Request per second – 5 requests per second
- What constitutes as request? What portion of the above code constitutes a single request?
Response volume per minute – 50 MB per minute
- My resulting output is a txt file with a size of 1.2MB. It takes ~5mins to produce this, I don’t believe this is an issue.
Datapoints returned per request:
- I am using get_data
  - No enforced limit for version 1.1.0+
  - Server timeout around 300 seconds – what does this mean?

Daily limits

Requests per day – 10k requests per day
- What constitutes a request? If I run the above code 10x (with input list each of 10k), does that count as 10 requests or 100,000 requests?
Response volume per day – 5GB per day/50 MB per minute
- Resulting output is 1.2MB – not an issue

A screenshot of the code being run is below. It completes without error.

Where field_list = ['TR.RIC',

'TR.CUSIP',

'TR.tickersymbol',

'TR.legalentityidentifier',

'TR.CinCUSIPCode',

'TR.MIC',

'TR.exchangecountrycode',

'TR.CommonName',

'TR.ExchangeMarketIdCode',

'TR.exchangename',

'TR.exchangecountry',

'TR.ISIN',

'TR.ISINCode',

'TR.CUSIPCode',

'TR.CUSIPExtended',

'CF_Name',

'TR.FiIssuerName',

'TR.GICSSectorCode',

'TR.GICSIndustryGroupCode',

'TR.GICSIndustryCode',

'TR.GICSSubindustryCode',

'TR.GICSSector',

'TR.GICSIndustryGroup',

'TR.GICSIndustry',

'TR.GICSSubindustry'

]

And
input_list1 is a list with 10k elements.

[Deleted User] · July 2024

Hi @changta, to clarify the limits:

Call-based limit: Request per second – 5 requests per second
- What constitutes as request?
  Q: What portion of the above code constitutes a single request?
  A: Any one request to the LSEG servers is considered a request, e.g.:

rd.get_data(
        universe=input_list1[0],  # RIC 'A.N'
        fields=field_list
    )

is only one call, so is

rd.get_data(
        universe=input_list1[0:50],
        fields=field_list
    )

I believe you might possibly hit this limit, because of the 5 requests per second.
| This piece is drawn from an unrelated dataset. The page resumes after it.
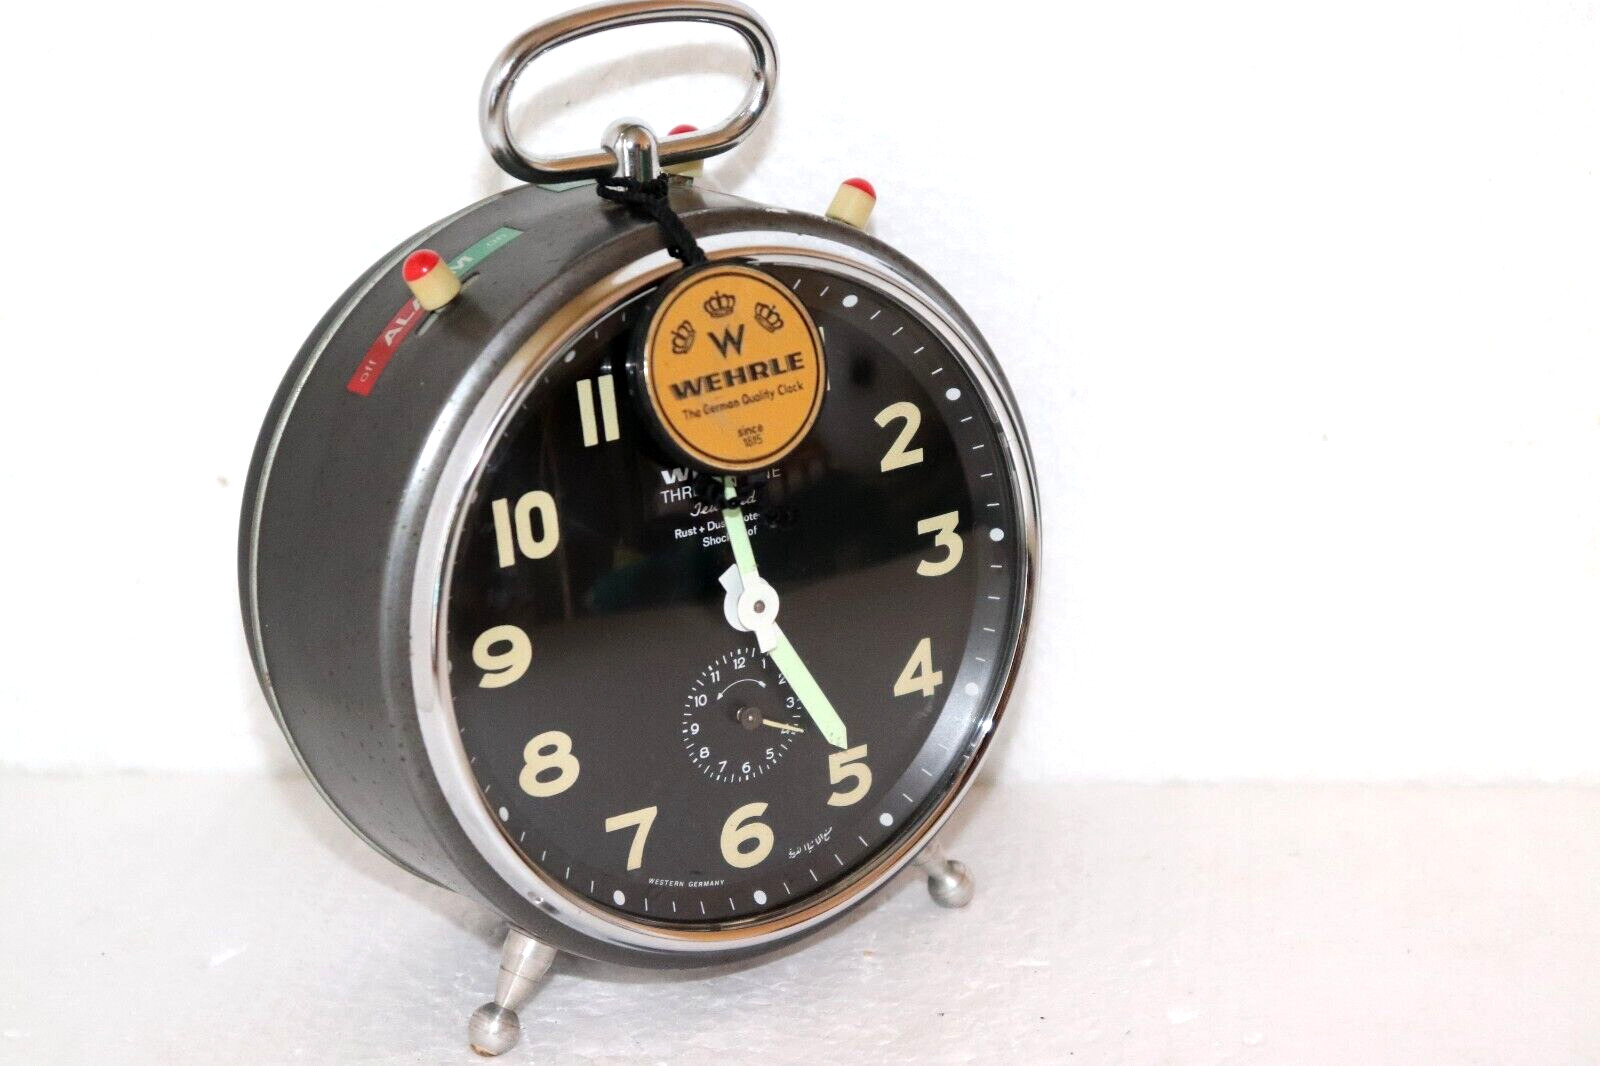 Vintage WEHrle Three In One Mechanical Alarm Clock Made In Germany 1960.

To make sure that's not the case, please use something like

import time
time.sleep(1)

Call-based limit: Response volume per minute – 50 MB per minute
- My resulting output is a txt file with a size of 1.2MB. It takes ~5mins to produce this, I don’t believe this is an issue.

Datapoints returned per request:
- I am using get_data
  - No enforced limit for version 1.1.0+
  - Server timeout around 300 seconds.
    Q: What does this mean?
    A: If a request requires LSEG servers to 'work' for more than 300 seconds, it will fail. E.g.: there are calculating services supplied by LSEG APIs (e.g.: Instrument Pricing Analytics) that can take time to run; over 300 seconds is considered 'too much' and we ask that users request calculations for fewer instruments and make repeated requests in order to limit server throughput to ensure server health.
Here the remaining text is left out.